[iris] Lift log store and log server into new lib/finelog package by rjpower · Pull Request #5212 · marin-community/marin

rjpower · 2026-04-27T19:46:14Z

Project Idea

Lift the logging service out of the iris controller into a standalone lib/finelog package per issue #5210's 1-pager process. Reduces the controller's footprint, lets the log subsystem evolve independently, and unblocks future work on a sibling stats service. Also a forcing function for figuring out our service-extraction template (proxy management, proto sharing, deploy artifacts) on a small target before tackling stats.

Challenges

Cross-project proto dependencies. Iris's controller.proto and job.proto embed LogEntry directly in their RPC schemas, so finelog's proto can't replace iris's without a cross-package proto import (currently disallowed). Resolution: iris keeps a wire-compatible duplicate at iris_logging.proto and transcodes via SerializeToString round-trip at the boundary in service.py. Iris's time.proto was renamed to iris_time.proto for descriptor-pool dedup; iris.rpc.{logging_pb2, time_pb2} are now shim re-exports.

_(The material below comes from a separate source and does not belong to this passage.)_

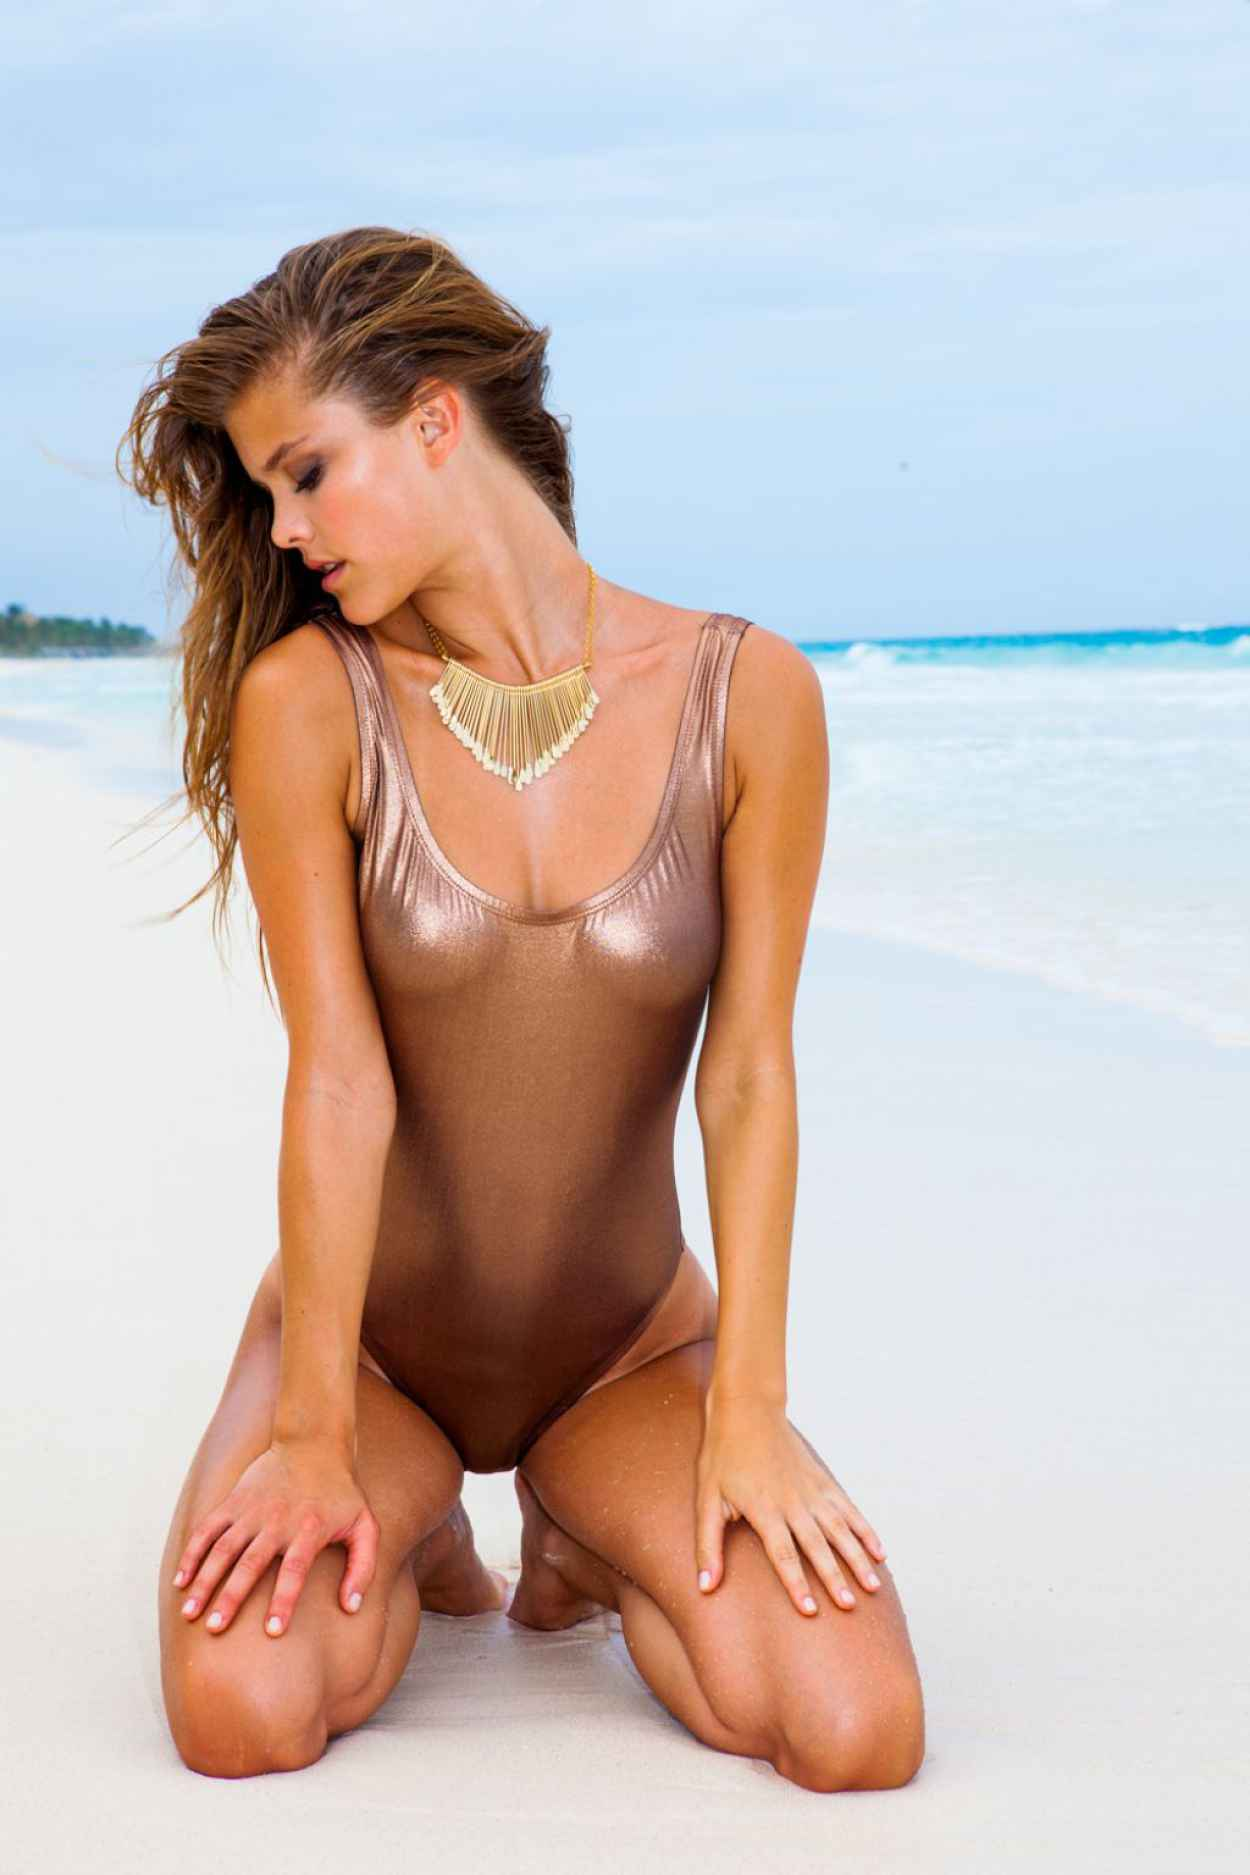 Nina Agdal in a Bikini - Sauvage Swimwear 2015 - 19 High Quality Photos-5
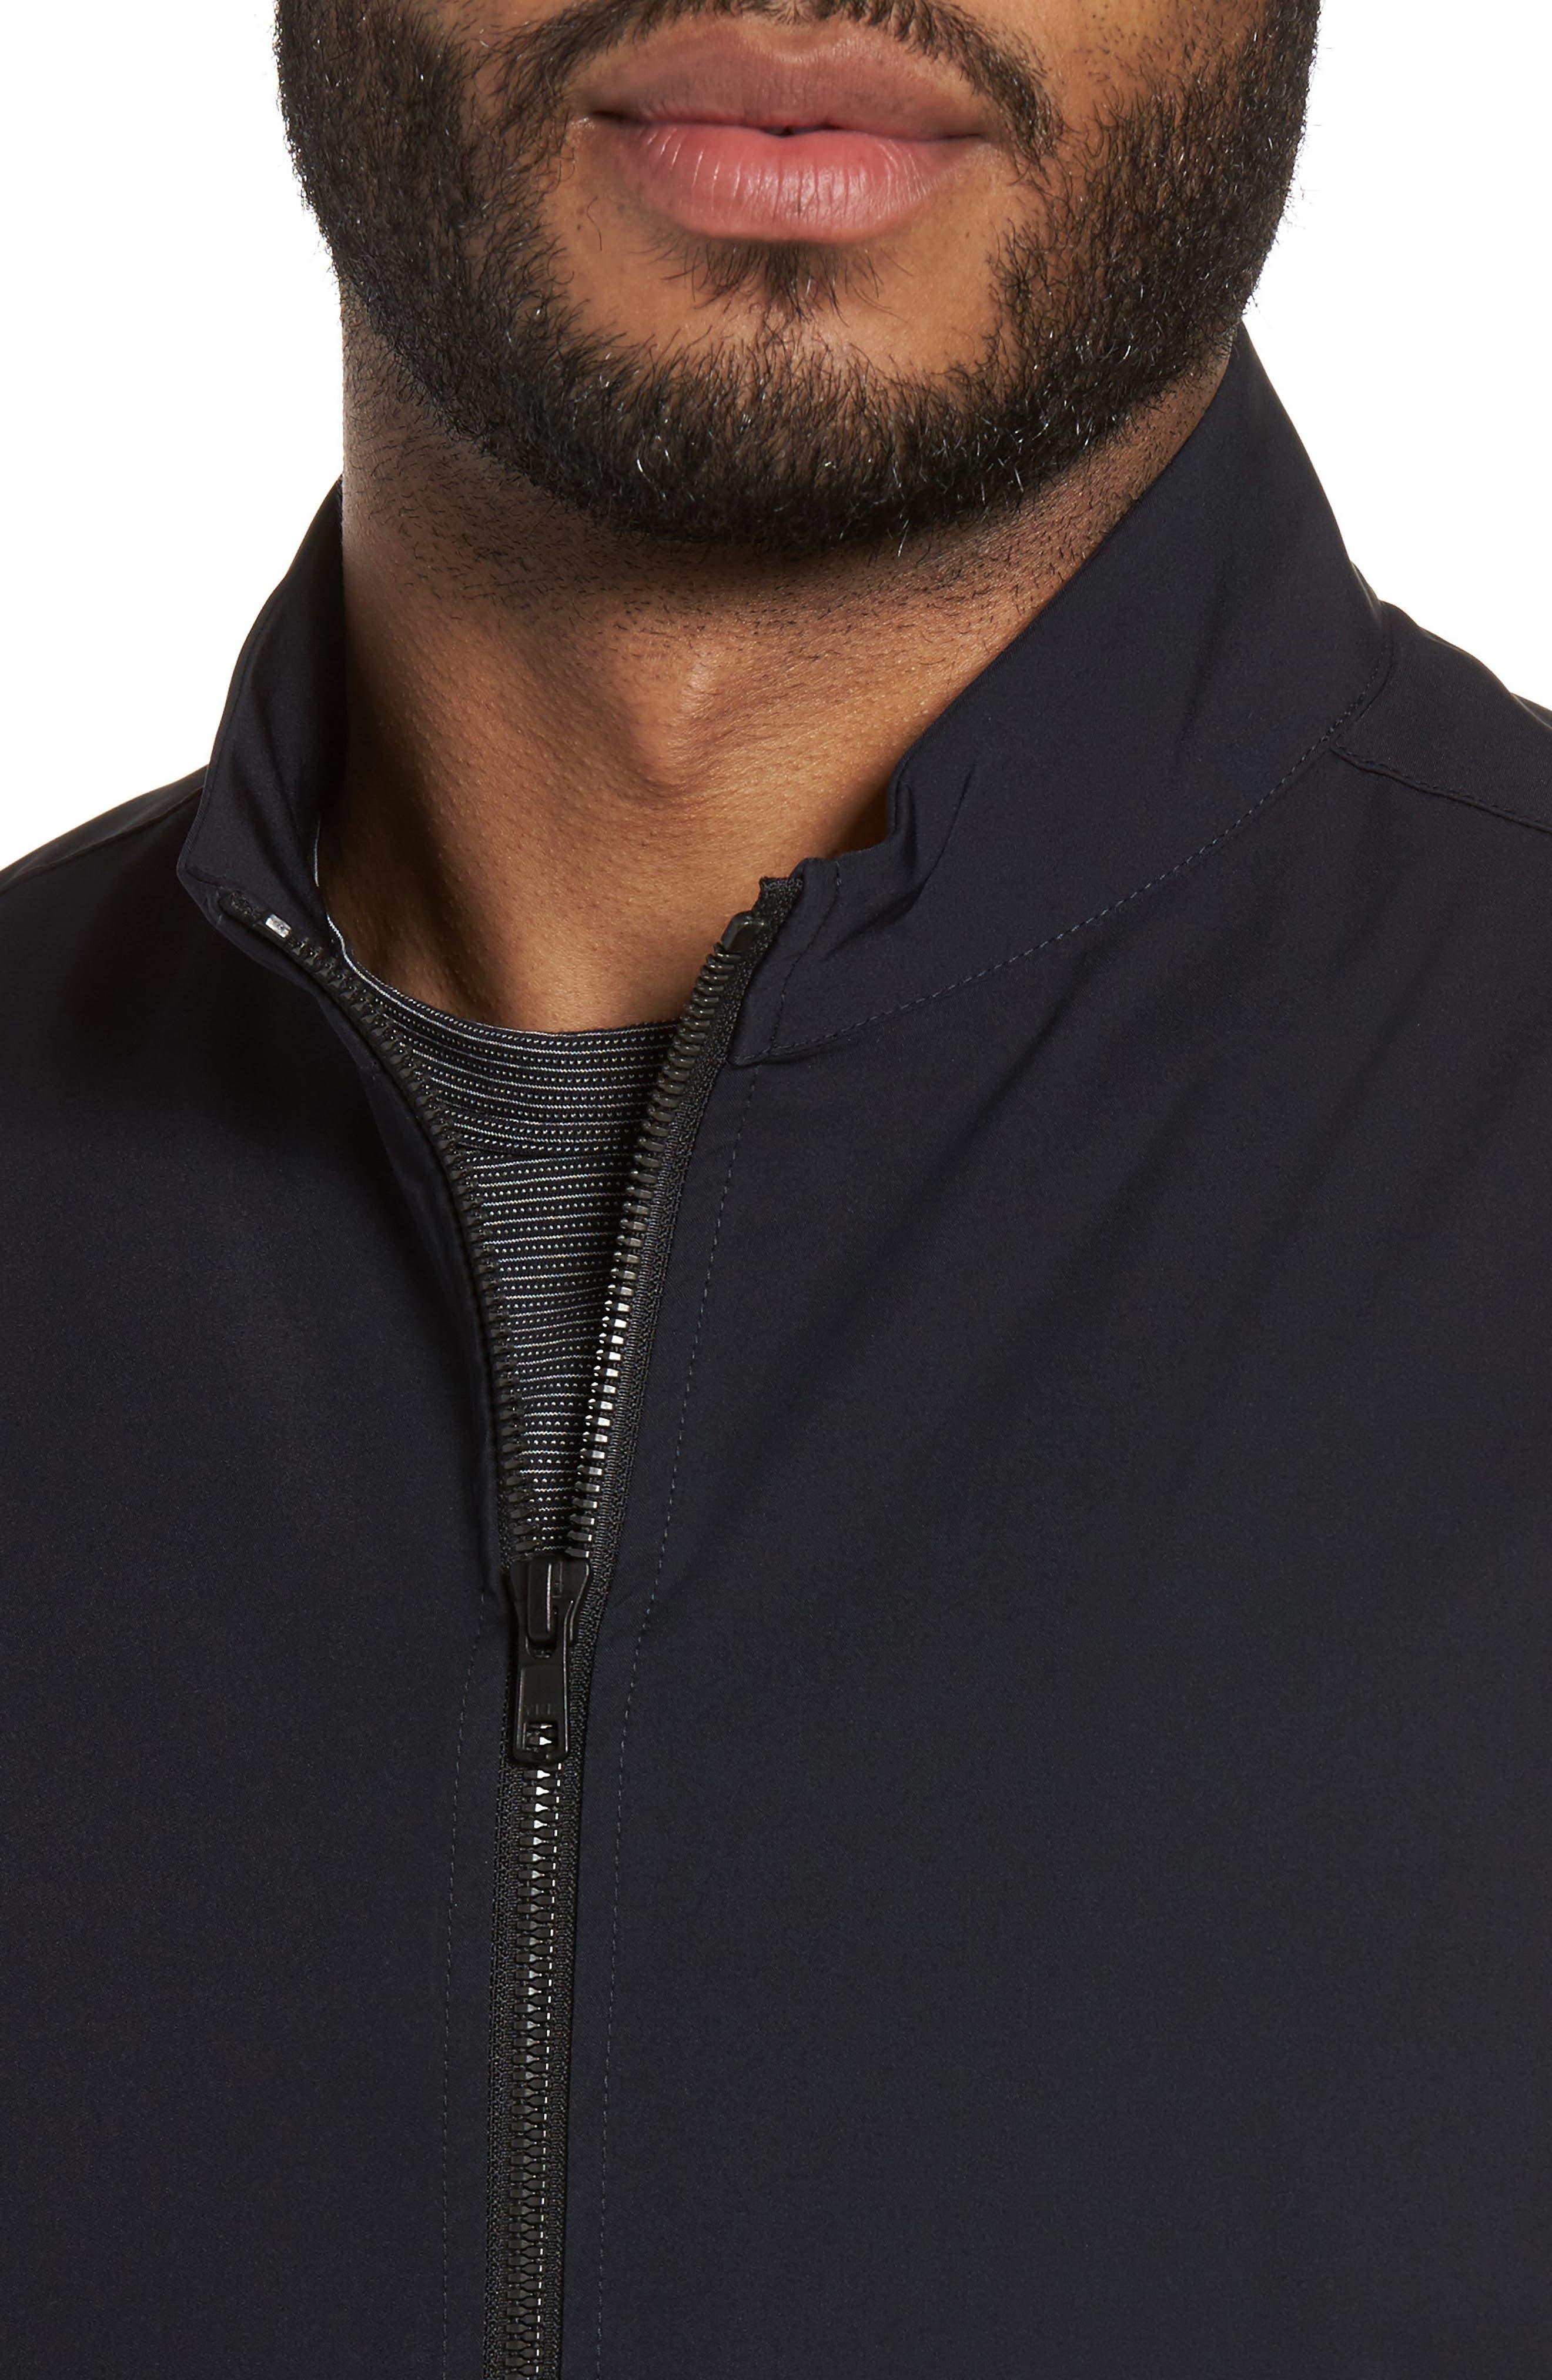 Scotty Bevan Zip Front Jacket,                             Alternate thumbnail 4, color,                             Eclipse

Proxy / discovery. Workers already resolve the log server via controller.list_endpoints("/system/log_server"), so the data plane lifts cleanly. The new question is how operators tell iris where the external server lives. Solved with a generic cluster_config.endpoints map (logical name → EndpointSpec{uri, metadata}) and a resolve_endpoint_uri scheme dispatch (http:// works today; gcp:// and k8s:// are explicit NotImplementedError stubs to be filled when we deploy that way).

Costs / Risks

Iris startup gains a new soft dependency. To keep "iris on a laptop" working, the controller hosts a bundled in-process MemStore-backed log server (capped at 200k rows, FIFO eviction) when /system/log_server is absent from the endpoints config — pure dev convenience, lossy on restart. Production is expected to declare an external finelog endpoint.

Churn with no immediate user-visible improvement. The benefit shows up later: independent iteration on logging, easier stats service spike, and a worked example for the next service lift.

Auth churn. The deleted log-path JWT plumbing means the new server is unauthenticated; deployments must restrict access at the network layer (k8s NetworkPolicy / GCP firewall / VPC). The current iris-on-coreweave and iris-on-gcp paths satisfy this; flagged for any future deploy that doesn't.

Design

lib/finelog/ is a new top-level package owning proto/{logging,time}.proto (package finelog.logging), generated rpc/, store/ (MemStore + DuckDBLogStore), server/ (LogServiceImpl + minimal CLI launcher; no auth, no stats), client/ (LogPusher + RemoteLogHandler + LogServiceProxy). Iris keeps iris/cluster/log_store_helpers.py for the JobName/TaskAttempt-aware key builders that wrap finelog opaque-string primitives. Deploy artifacts (Dockerfile, k8s YAML, Cloud Run YAML) ship under lib/finelog/deploy/. Iris's _start_log_server subprocess path is gone; the bundled in-process fallback lives in Controller._start_local_log_server with a TODO(#5215) pointer at the rigging-sink follow-up that would replace it with a NullSink/StderrSink pair.

Testing

Tested against the iris dev controller's unit + integration suite. After cutover: 1975 iris tests pass / 1 skipped (excl. slow/docker/e2e); 24 finelog tests pass standalone (mem store, duckdb store, server concurrency cap + RPC round-trip). Pre-commit and pyrefly clean.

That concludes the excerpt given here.